Following the Keto-Way: Doctors’ Perception

The ketogenic diet enables the body to produce ‘ketones- small fuel molecules’ and hence is known as a ‘keto’ diet. The human body utilizes ketones as an alternative source of fuel when there is a reduction in blood glucose levels. The belief that the keto diet promotes low carbohydrate, moderate protein and high-fat content, has increased its demand especially among the population aiming for weight loss. Several studies are also being conducted to examine the effect of the keto diet on non-surgical pharmaco-resistant epileptic patients as well as its use in cancer patients.

An in-app survey was conducted on the ‘WhiteCoats’ app to evaluate doctors’ perception on the scientific basis about the ketogenic diet. The survey consisted of eight different questions and a total of 159 doctors from varying specialties participated in the survey.

A total of 159 doctors responded to the survey of which a majority were diabetologists followed by surgeons, obstetricians/gynaecologists, fetal medicine, general practitioners, otolaryngologists, paediatricians, and others. Around 67.29% of doctors responded that a keto diet comprises high fat, moderate proteins, and low carbs. 61.63% of responders think that carbs are reduced to less than 50 g/day in a ketogenic diet. Almost 68.55% of doctors are of the opinion that the majority of cut carbs are replaced by fats and almost seventy-five per cent of total calorie intake is delivered. 56.60% of doctors claim that protein accounts for twenty per cent of energy needs whereas carbs are usually restricted to five percent.

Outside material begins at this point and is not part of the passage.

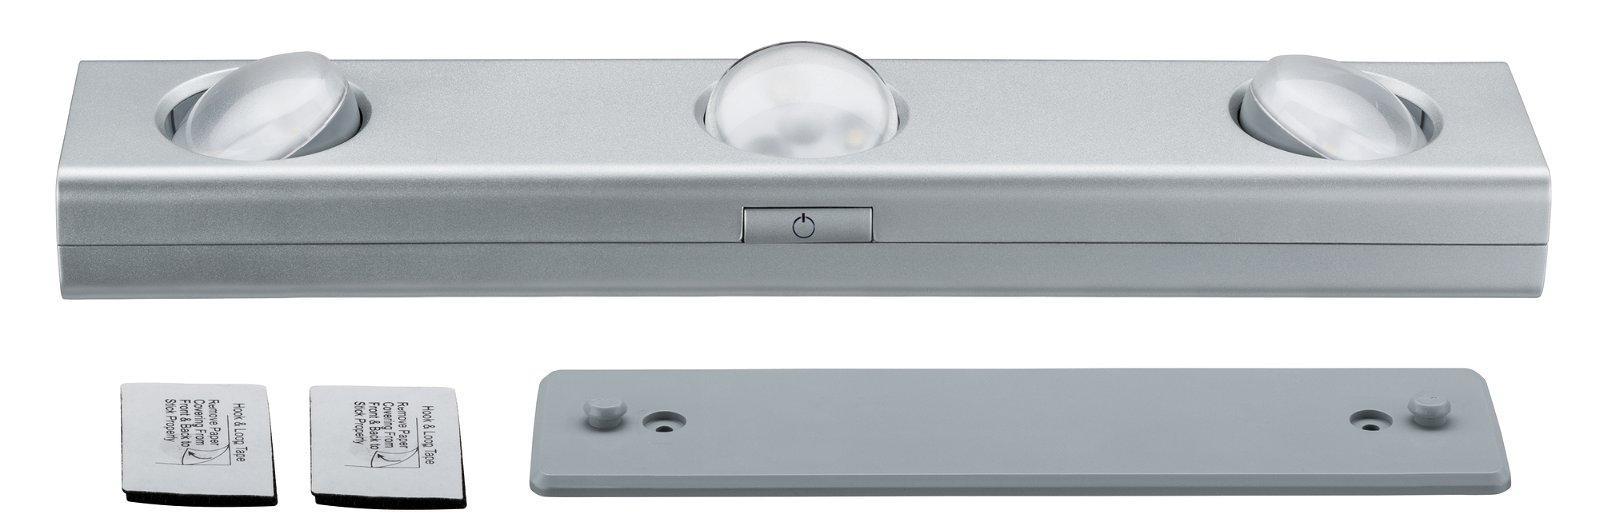 LED Unterschrankleuchte Jiggle 300x60mm 3x22lm 3000K Chrom matt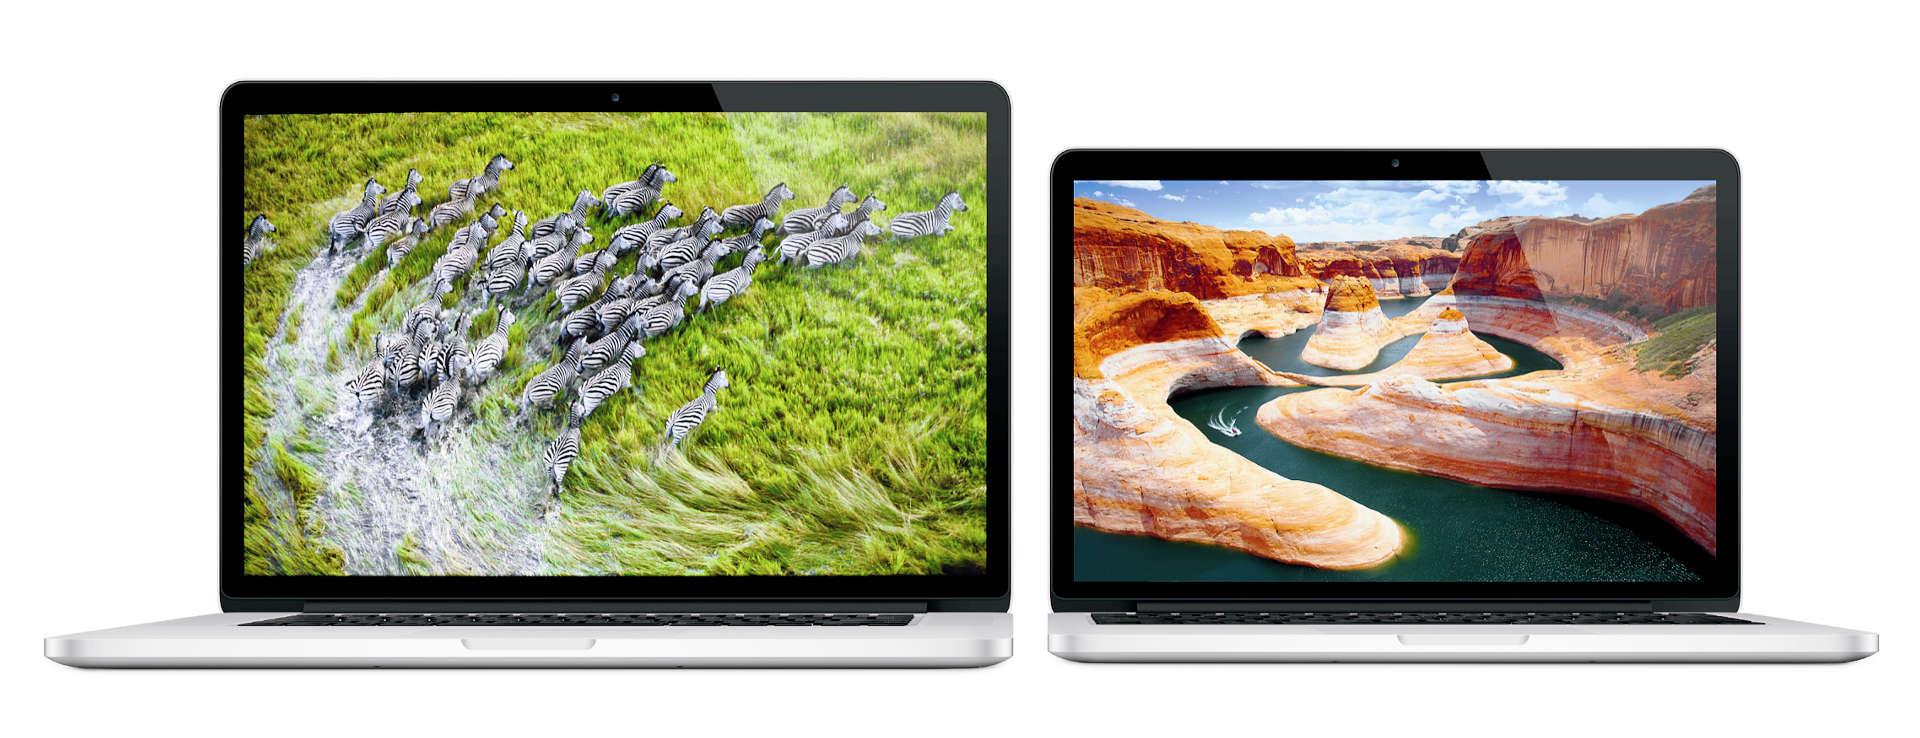 Refurbished Retina Macbook Pro Buyers Guide

When asked if a reduction in carbs forced the body to rely on fats for an energy source instead of glucose- the process known as ketosis, 94.96% of doctors agreed to it. Around 92.45% of doctors gave approval that the body uses ketone molecules produced by the liver from fats as an alternative fuel source when there are limited glucose levels.

Almost 74.21% of doctors think that a keto diet is more effective in weight loss in comparison with low-fat diets. 74.47% of physicians agreed that a ketogenic diet reduces hunger, increases satiety and aids in weight loss.

Few doctors added additional comments about the keto diet during the survey, the maximum of which suggested that they did not support longer compliance with the keto diet and that its long-term effect on the body remains questionable. Physicians also put on that the keto diet is an epilepsy diet. Advice such as a balanced diet along with regular exercises would be the best option to lose weight were also put forth.

Following a balanced diet helps the body to gain necessary nutrients and keeps the body healthy. However, opting for the option of a keto diet remains a question until its long-term effects are not known.